*About this exercise:* The pictures are to be left out, and all remaining data is to be transcribed exactly as it appears.

**** Exercise data

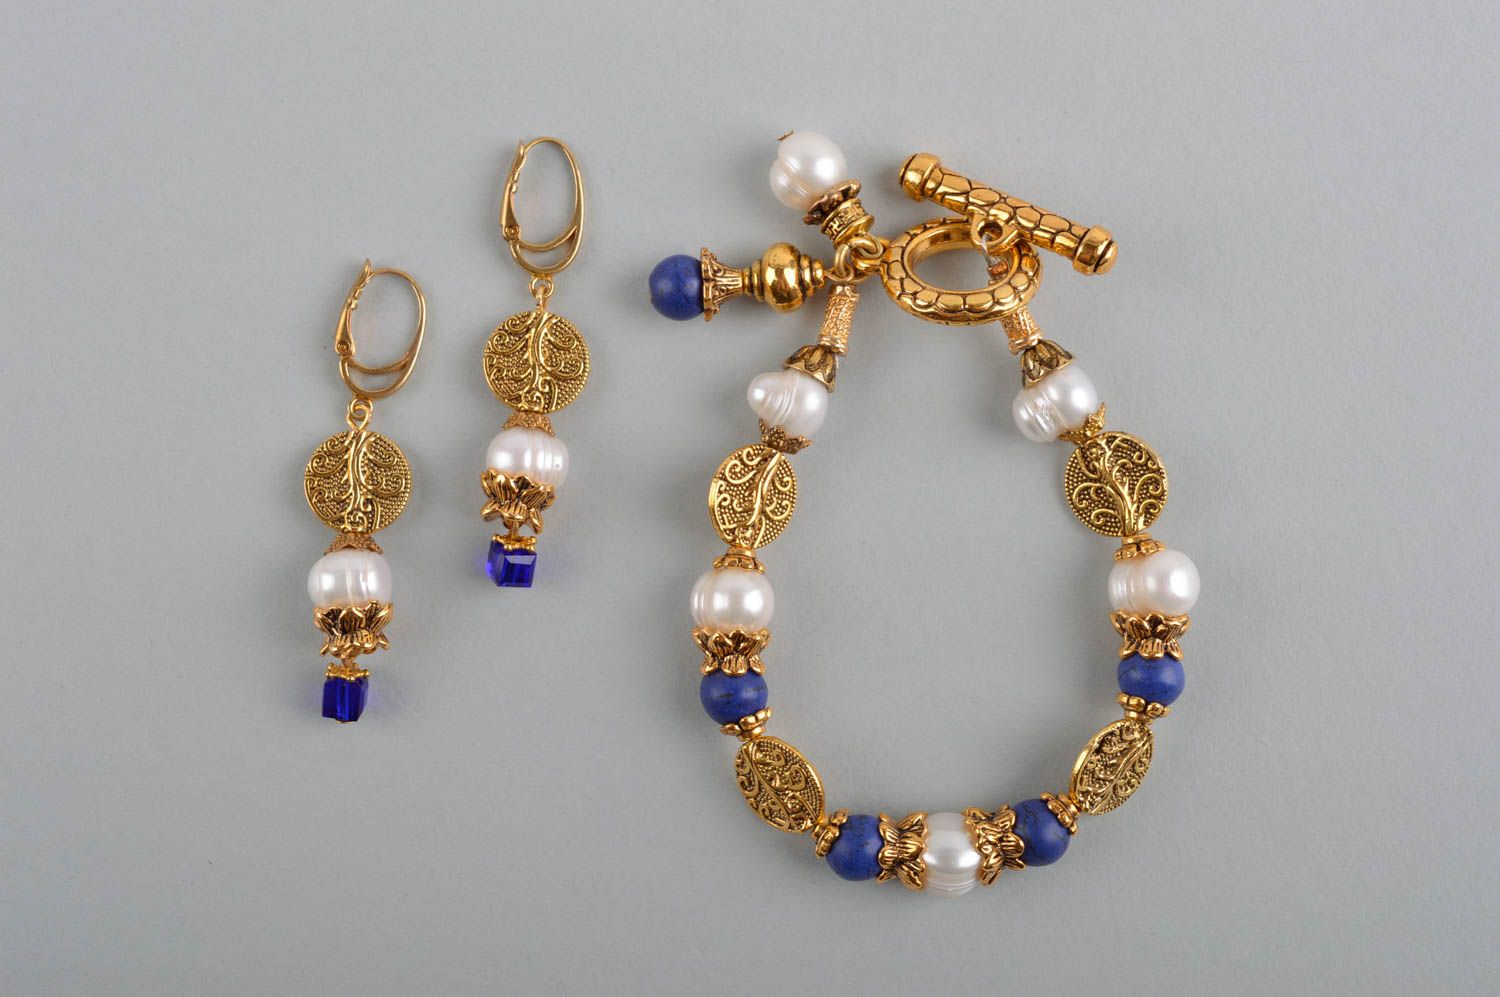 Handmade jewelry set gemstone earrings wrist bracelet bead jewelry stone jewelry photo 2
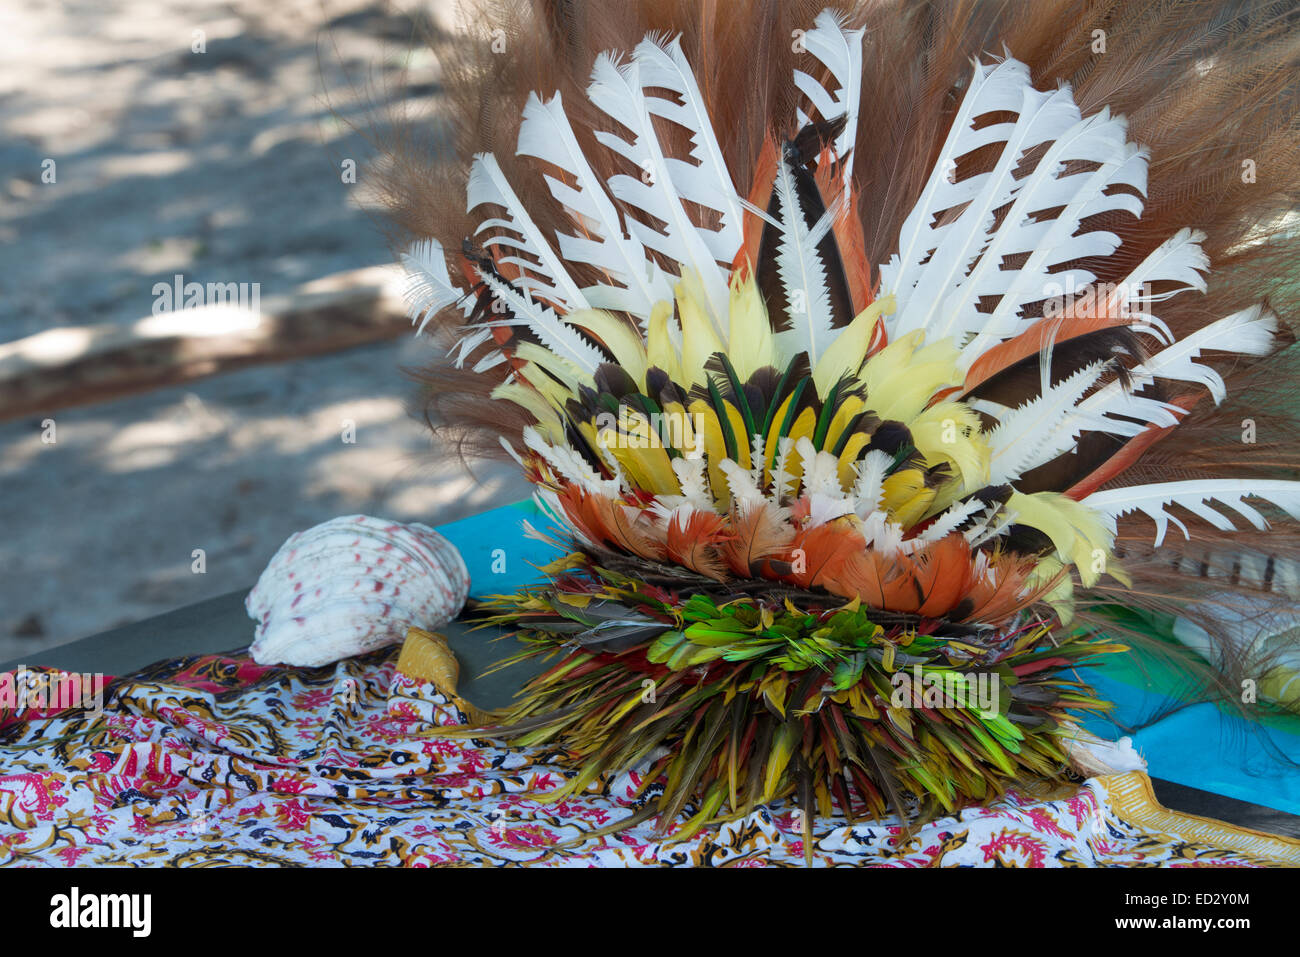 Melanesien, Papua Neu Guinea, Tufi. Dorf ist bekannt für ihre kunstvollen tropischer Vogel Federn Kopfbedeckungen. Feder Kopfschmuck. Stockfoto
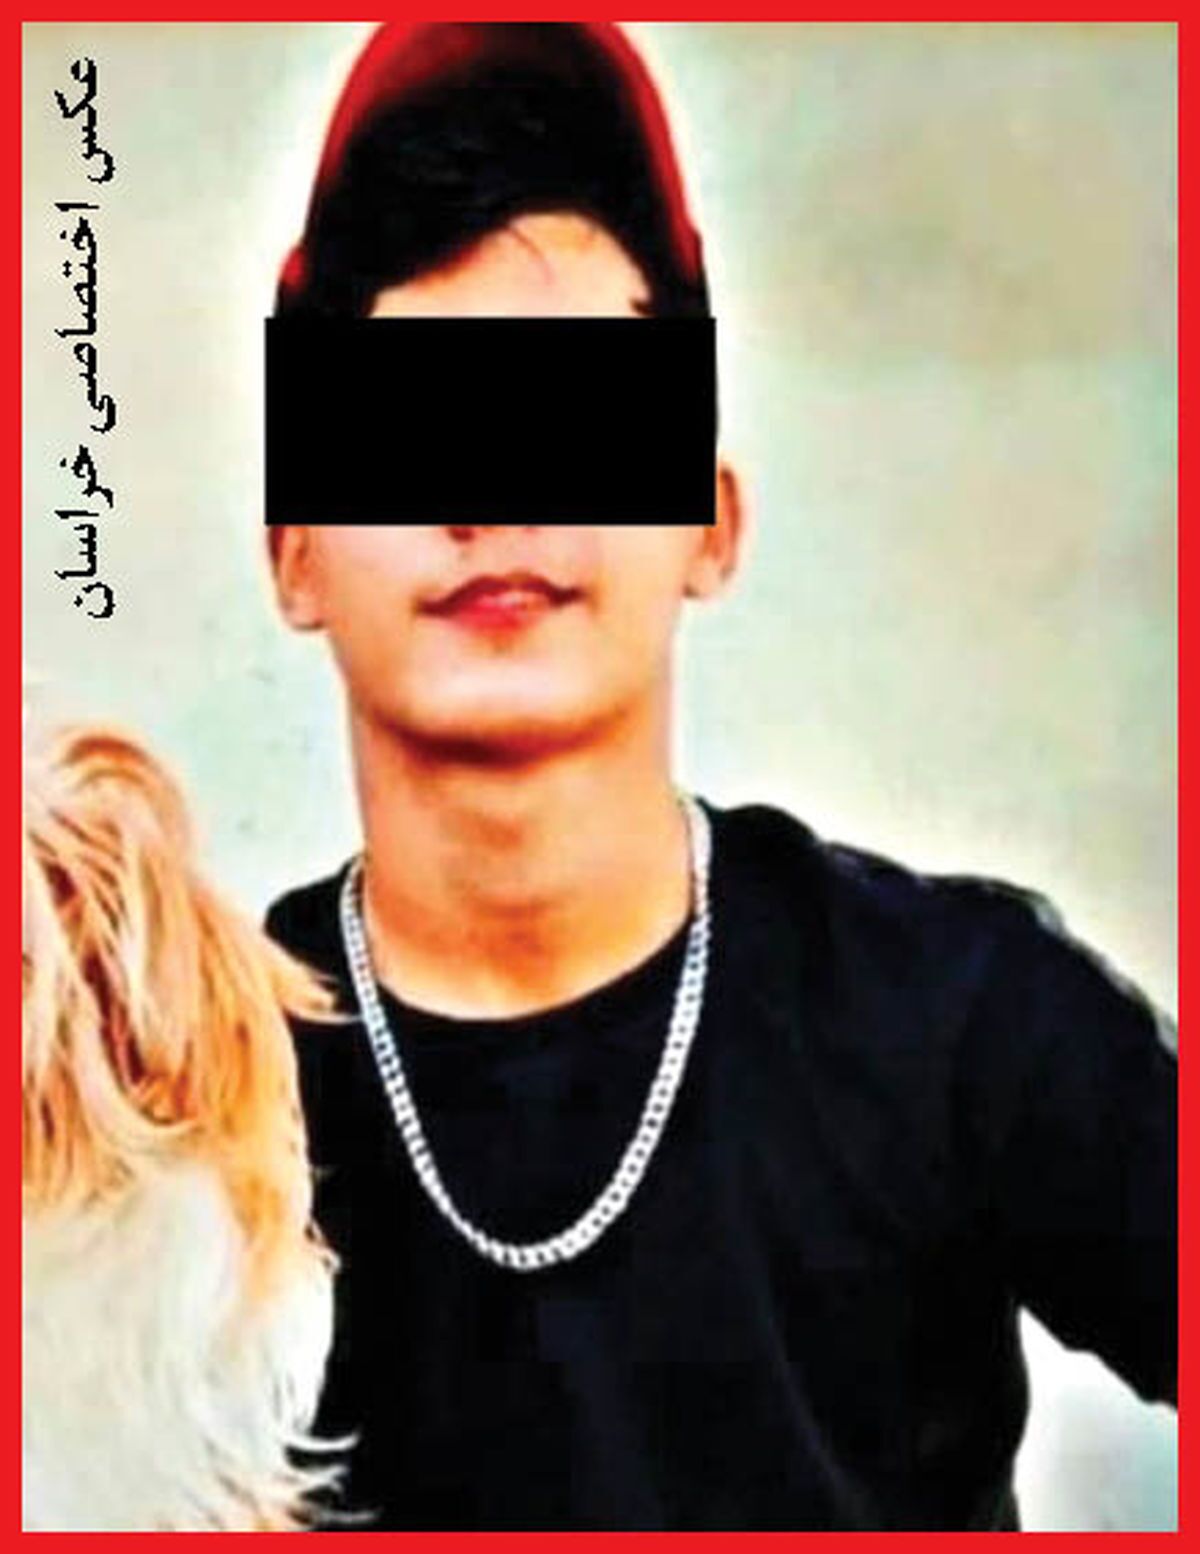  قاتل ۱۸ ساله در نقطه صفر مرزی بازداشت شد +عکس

********

*Answer to this problem:*
 Handmade jewelry set gemstone earrings wrist bracelet bead jewelry stone jewelry photo 2
 Melanesien, Papua Neu Guinea, Tufi. Dorf ist bekannt für ihre kunstvollen tropischer Vogel Federn Kopfbedeckungen. Feder Kopfschmuck. Stockfoto
  قاتل ۱۸ ساله در نقطه صفر مرزی بازداشت شد +عکس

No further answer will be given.